Thank you, Glenn Garvin, for paying attention. The Miami Herald columnist reports what the rest of us were too preoccupied to notice:
In an order to the University of Montana that they labeled “a blueprint for colleges and universities throughout the country,” Obama’s Justice and Education departments created a sweeping new definition of sexual harassment as “any unwelcome conduct of a sexual nature,” including “verbal conduct.”
(Or, as those more familiar with the English language call it, speech.)
Who gets to define “unwelcome”? The listener and the listener alone — no matter how high-strung, neurotic or just plain pinheaded that person is. The feds’ letter is quite explicit: the words don’t have to be offensive to “an objectively reasonable person” to be considered harassment.
Given that standard of guilt, it’s perhaps not very surprising that the government says anybody accused of harassment can be punished even before he or she is convicted.
Mr. Garvin goes on to identify a partial list of authors whose provocative works stand in danger of censorship under these new edicts: Shakespeare, Harper Lee, Tennessee Williams, Robert Frost, and Anne Frank, to name a few. He then continues:
But surely, you say, surely nobody will take the letter of the law to such absurd extremes. And surely you are wrong: They already have. Brandeis University went after a professor for uttering the word “wetback” during a lecture — no matter that he was criticizing its usage.

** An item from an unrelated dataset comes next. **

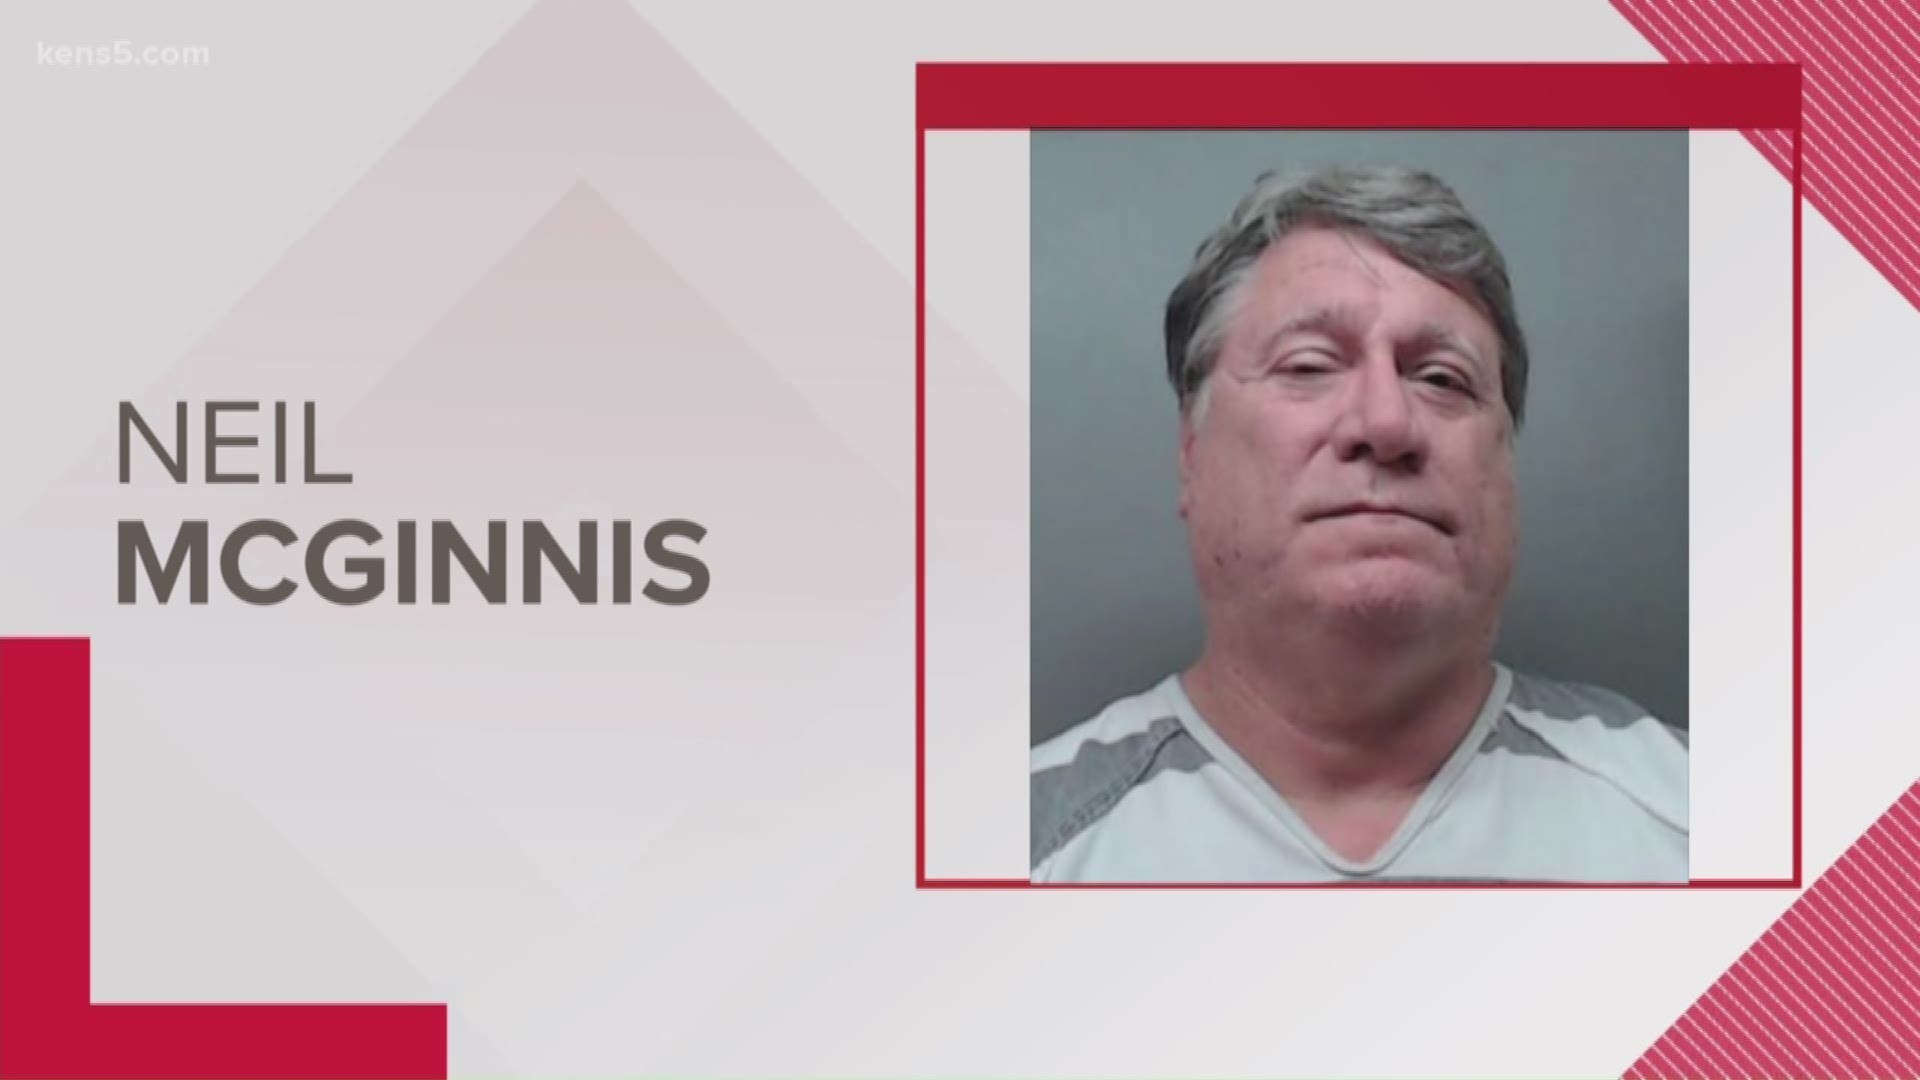 Neil McGinnis, 60, taught grade at Ridgeview Elementary for 10 years before retiring. He's been charged with possessing 10 images of child pornography.

A janitor at Indiana University-Purdue University Indianapolis was disciplined for reading a disapproving book on the Ku Klux Klan. Marquette ordered a graduate student to remove a “patently offensive” quotation by Dave Barry from his door: “As Americans we must always remember that we all have a common enemy, an enemy that is dangerous, powerful, and relentless. I refer, of course, to the federal government.”
So what do we have here? If someone takes offense, even where any “objectively reasonable person” would see no cause for offense, the perpetrator is guilty without recourse to due process or appeal.
In a land of political correctness run amok, feelings are the ultimate currency of social interaction. Reason, logic, intellectual discipline, objective reality — none of these mean a thing if there is the slightest risk of hurt feelings.
Or perhaps there is a deeper fear. Not the pain of hurt feelings, but the pain of having to think, the pain of developing a work ethic, the pain of personal accountability. Apparently, the truism of no pain, no gain applies only in the gym and not in the halls of academe.
Is this really what we want for our children? Is it really what we want for ourselves? Or are those questions simply too painful to think about?